“Congress did not intend for these parties to pursue their district court action unfettered while using a membership organization to make challenges at the PTAB…. These membership organizations should be required to fully disclose who they work for and who is funding them.”
A strong and predictable intellectual property system is crucial to protecting and promoting American innovation around the globe. It allows American businesses of any size to compete globally, creating millions of American jobs. Strong intellectual property rights provide a strong foundation for America’s role as the world’s innovation and technological leader, powering our world with the next generation of technology to help kids learn, to connect remote workers, provide better access to healthcare and help make our planet more sustainable. The role of innovation (from vaccines to communication technology, content creation, etc.) has never been more crucial than during the ongoing COVID-19 pandemic. The ability to protect what one creates or invents grows our economy and GDP, generates incentives to continue the innovation process, and makes our country safer and more secure from foreign adversaries.
However, our patent system is under attack from entities that have taken advantage of an unintended loophole in the America Invents Act (AIA) to undermine patents protecting American businesses. The rise of so-called patent membership organizations, which have been allowed to operate for nearly a decade, is wreaking havoc on our IP system. These membership organizations have used the Patent Trial and Appeal Board (PTAB) to file multiple petitions against targeted patents, without being required to disclose their funding or who they work for, including – potentially – foreign adversaries.

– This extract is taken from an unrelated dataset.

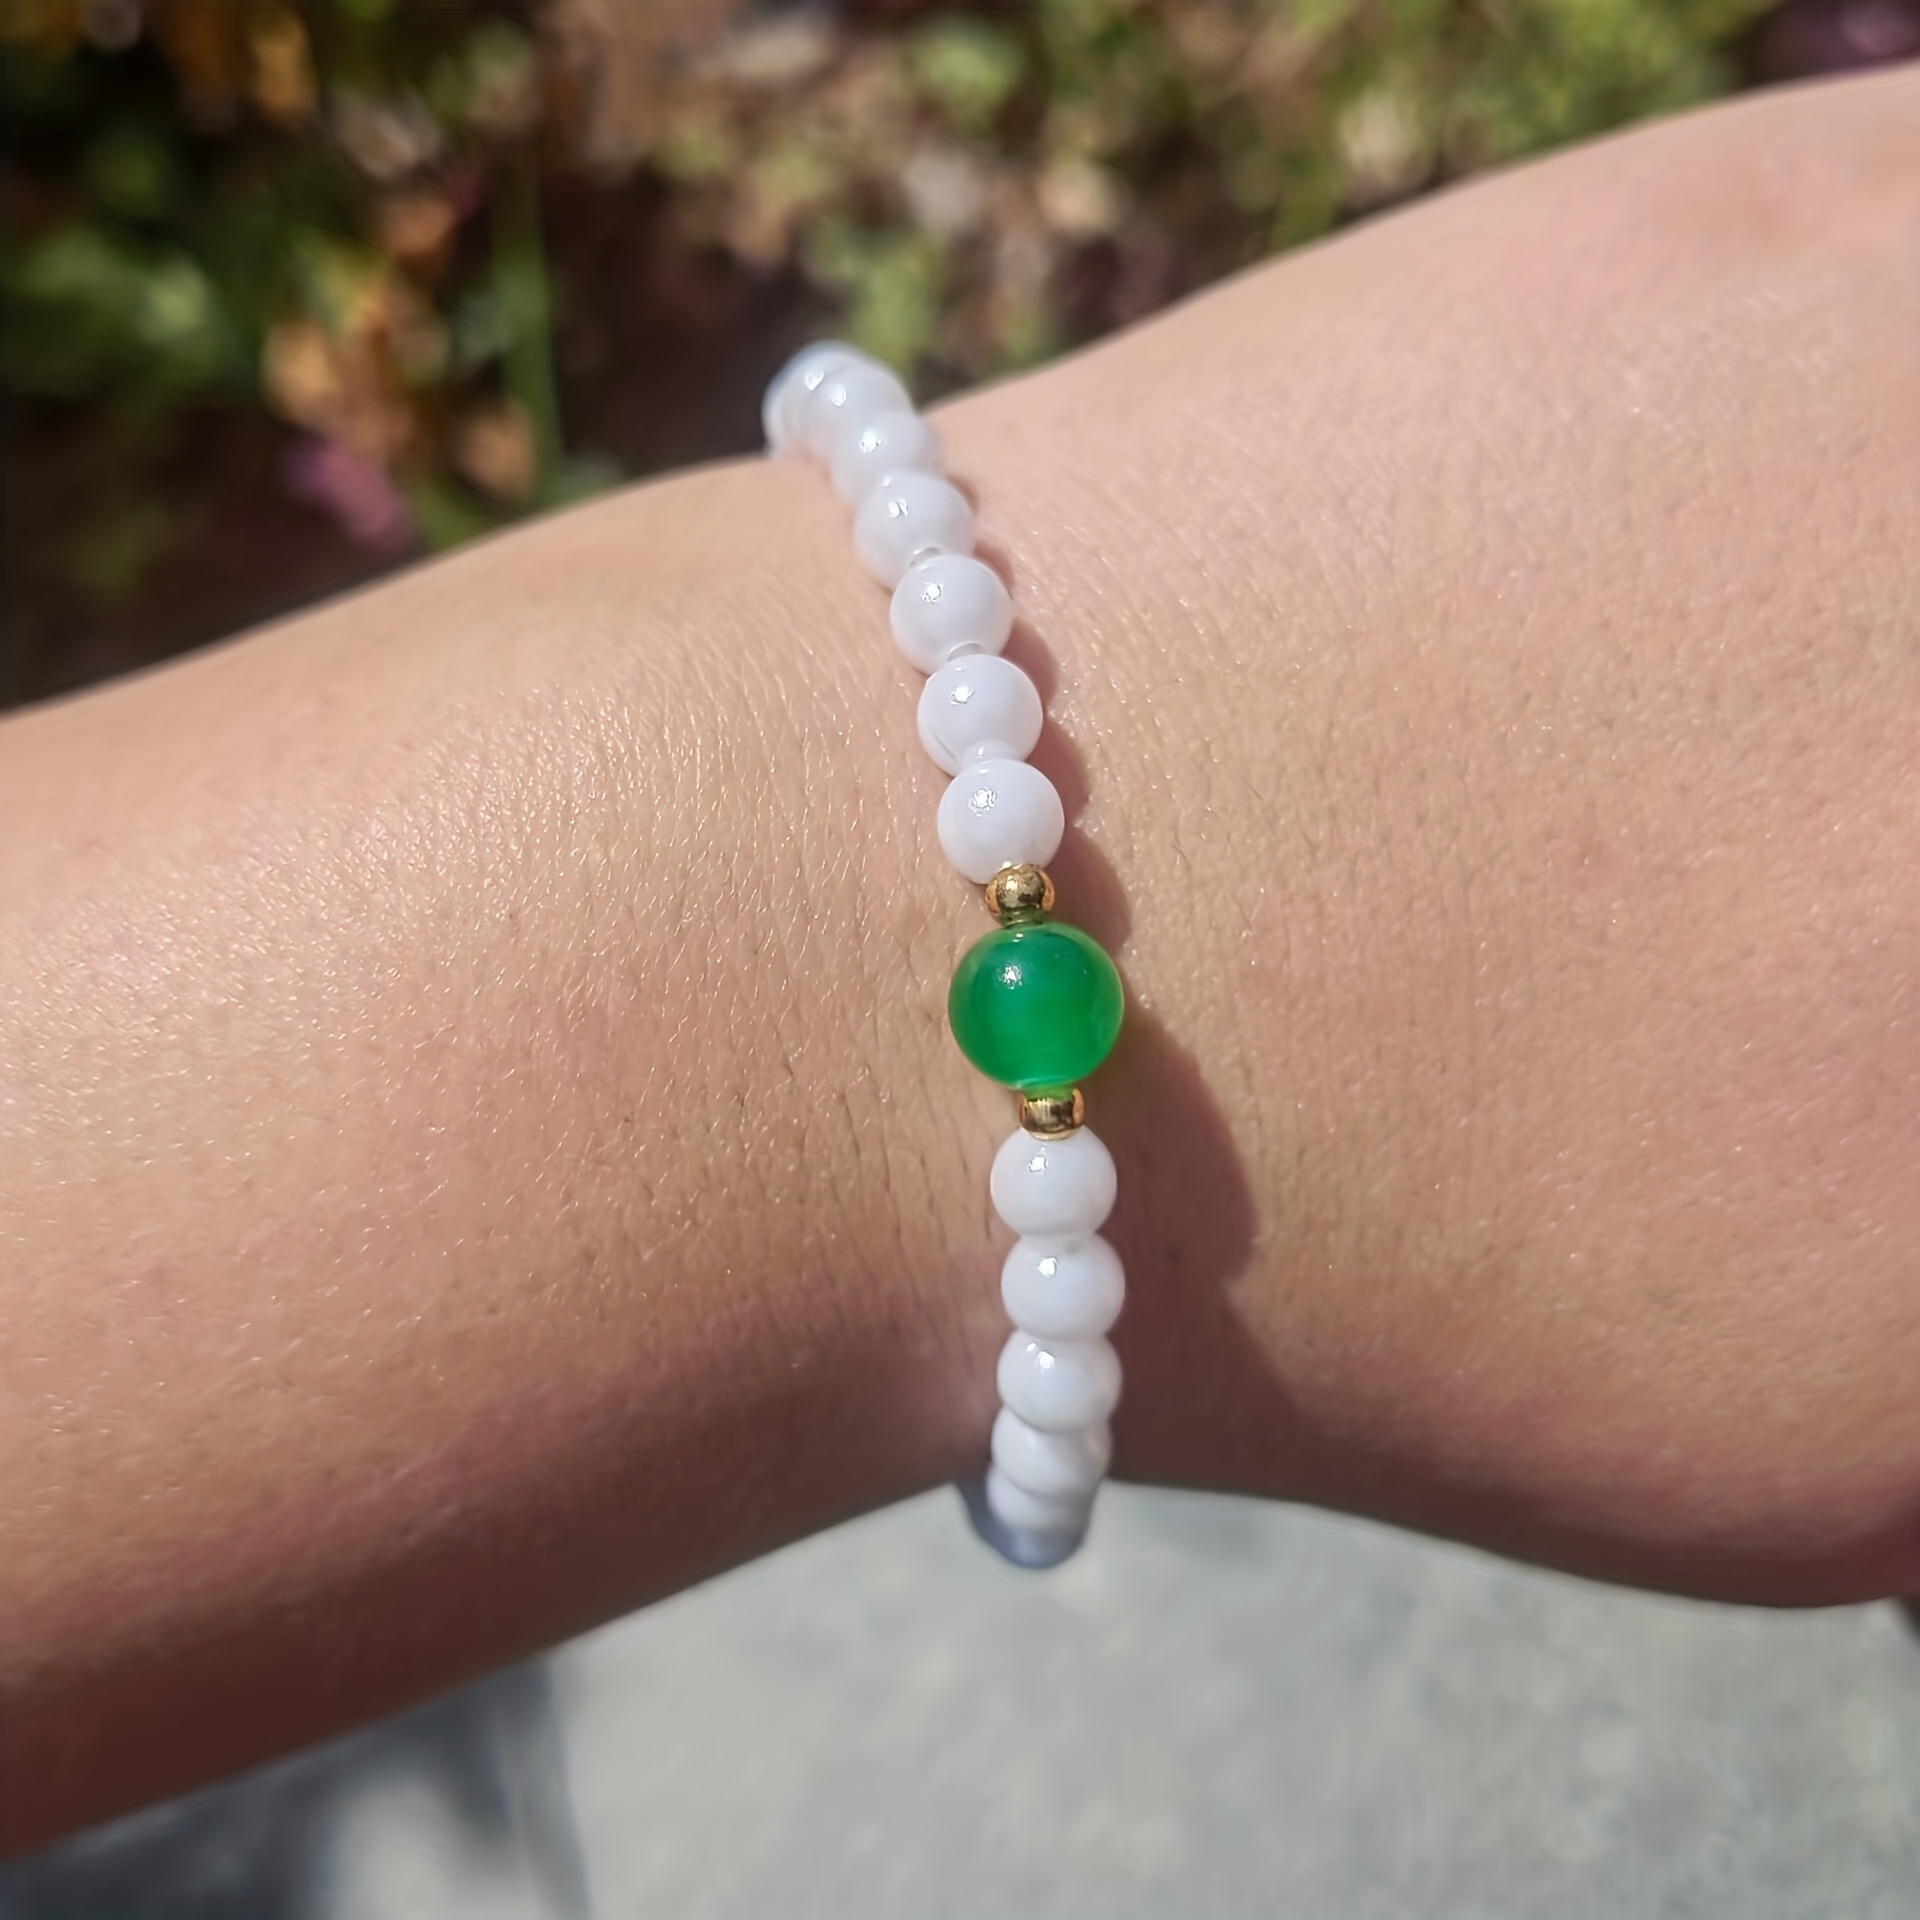 Pearl Bracelet Design-How to Make a Green Pearl Bead Bracelet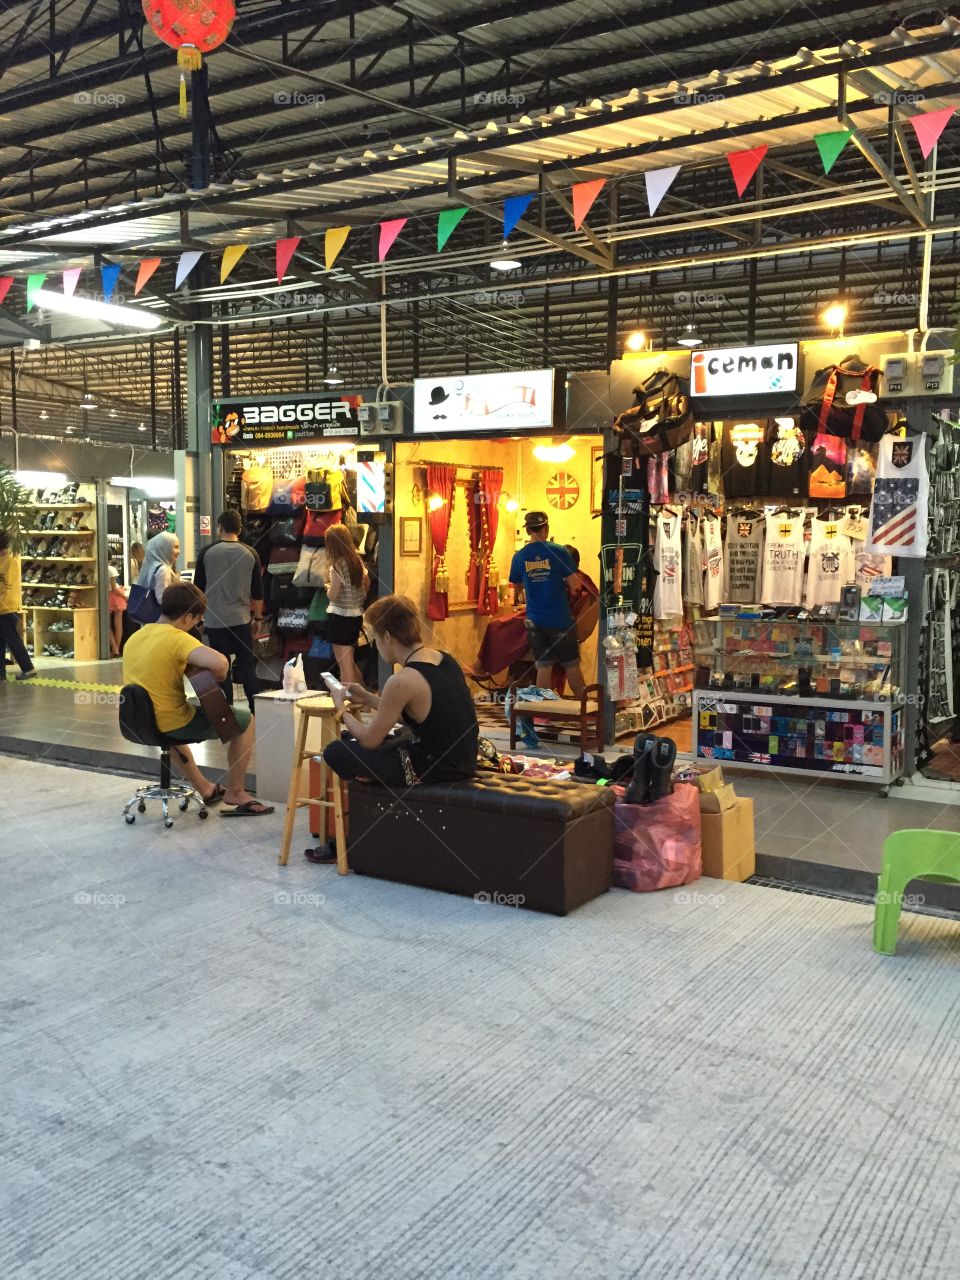 Shops in Hat Yai Thailand. Taken on 18 April 2015

This is bad. The PTAB was created with the intention of serving as a faster, cheaper alternative to district court litigation to determine the validity of a patent. Both Big Tech and small inventors can benefit from such a system. However, membership organizations distort the balance away from small inventors. Now, working through these membership organizations, Big Tech can swamp inventors with even greater costs. In addition to bearing the cost of a patent infringement lawsuit, small inventors must now bear the cost of multiple challenges of the same patent in multiple venues by Big Tech and membership organizations, sometimes even before the patent has ever been asserted in court.
Full Disclosure Should Be Required
This is not what Congress intended. The PTAB was created to allow parties who were sued in district court the option to seek relief at the PTAB within one year, with consequences in the district court action for doing so. Congress did not intend for these parties to pursue their district court action unfettered while using a membership organization to make challenges at the PTAB. This would only drive up the costs and increase litigation at the expense of small inventors and innovation generally. These membership organizations should be required to fully disclose who they work for and who is funding them.
The USPTO has taken steps to address this growing problem and recently made some welcome, and frankly long-overdue, changes. In early December, the Board issued a precedential opinion in RPX Corp v. Applications in Internet Time, LLC, outlining a more thorough inquiry and flexible analysis by the Board as to what is considered a real party in interest with respect to membership organizations that will hopefully help to shine more light on the real affiliations of these groups. This comes on the heels of a decision by the Federal Circuit which clearly recognized an issue here when reviewing the record of the relationship between these membership organizations and their activity in filing petitions at the PTAB on behalf of their members, who would otherwise be barred by the one-year limit imposed by Congress to file a petition at the Board. In drafting the AIA, Congress thought a one-year time limit was appropriate to prevent multiple, frivolous attempts against the same patent. Congress could have opted to not include a time limit, but they declined to do so because they recognized the danger to innovation of multiple, unlimited challenges to a patent. This is key, because while Congress thought that establishing the PTAB was important to address concerns about instances of possible poorly-issued patents, its intent was never to create unlimited, coordinated challenges to patents that in the vast majority of cases are examples of significant R&D investment by companies that are now simply viewed as impediments to the profits of Big Tech.
Another interesting question to ask is whether these membership organizations have standing to sue in district court on behalf of their members? If not, then why are they allowed to litigate at the PTAB? What’s been clear over the past several years is that these member organizations have been using a loophole in the law to circumvent the intent of Congress to do the bidding of some well-funded Big Tech clients. This strategy, while profitable to a few, has resulted in the undermining of U.S. innovation, American jobs and trust in the patent system, which should be standing as a beacon to the world on the importance and strength of American creativity, R&D, and ingenuity. The best way to achieve that goal, is to provide for more transparency and openness at the PTAB by requiring these membership organizations to fully disclose who they work for and who is funding their efforts.
As a proud former public servant and steward of the patent system for over 30 years, including serving as a former Commissioner for Patents at the USPTO, I have been disheartened to see the ongoing attacks on an agency that has as its sole mission the protection of American creativity, innovation, and prosperity. Patents allow inventors and creators of any economic background, creed, race and gender the ability to compete with more well-funded competitors – both foreign and domestic. Patents foster and protect the American dream. It’s about time Congress and our administrative agencies recognize the value of America’s patent, trademark and copyright systems and preserve and enact further policies to protect them so that we can continue America’s global leadership in technology and innovation. Policymakers in Washington, D.C. must stand up and the fight now to protect American innovation.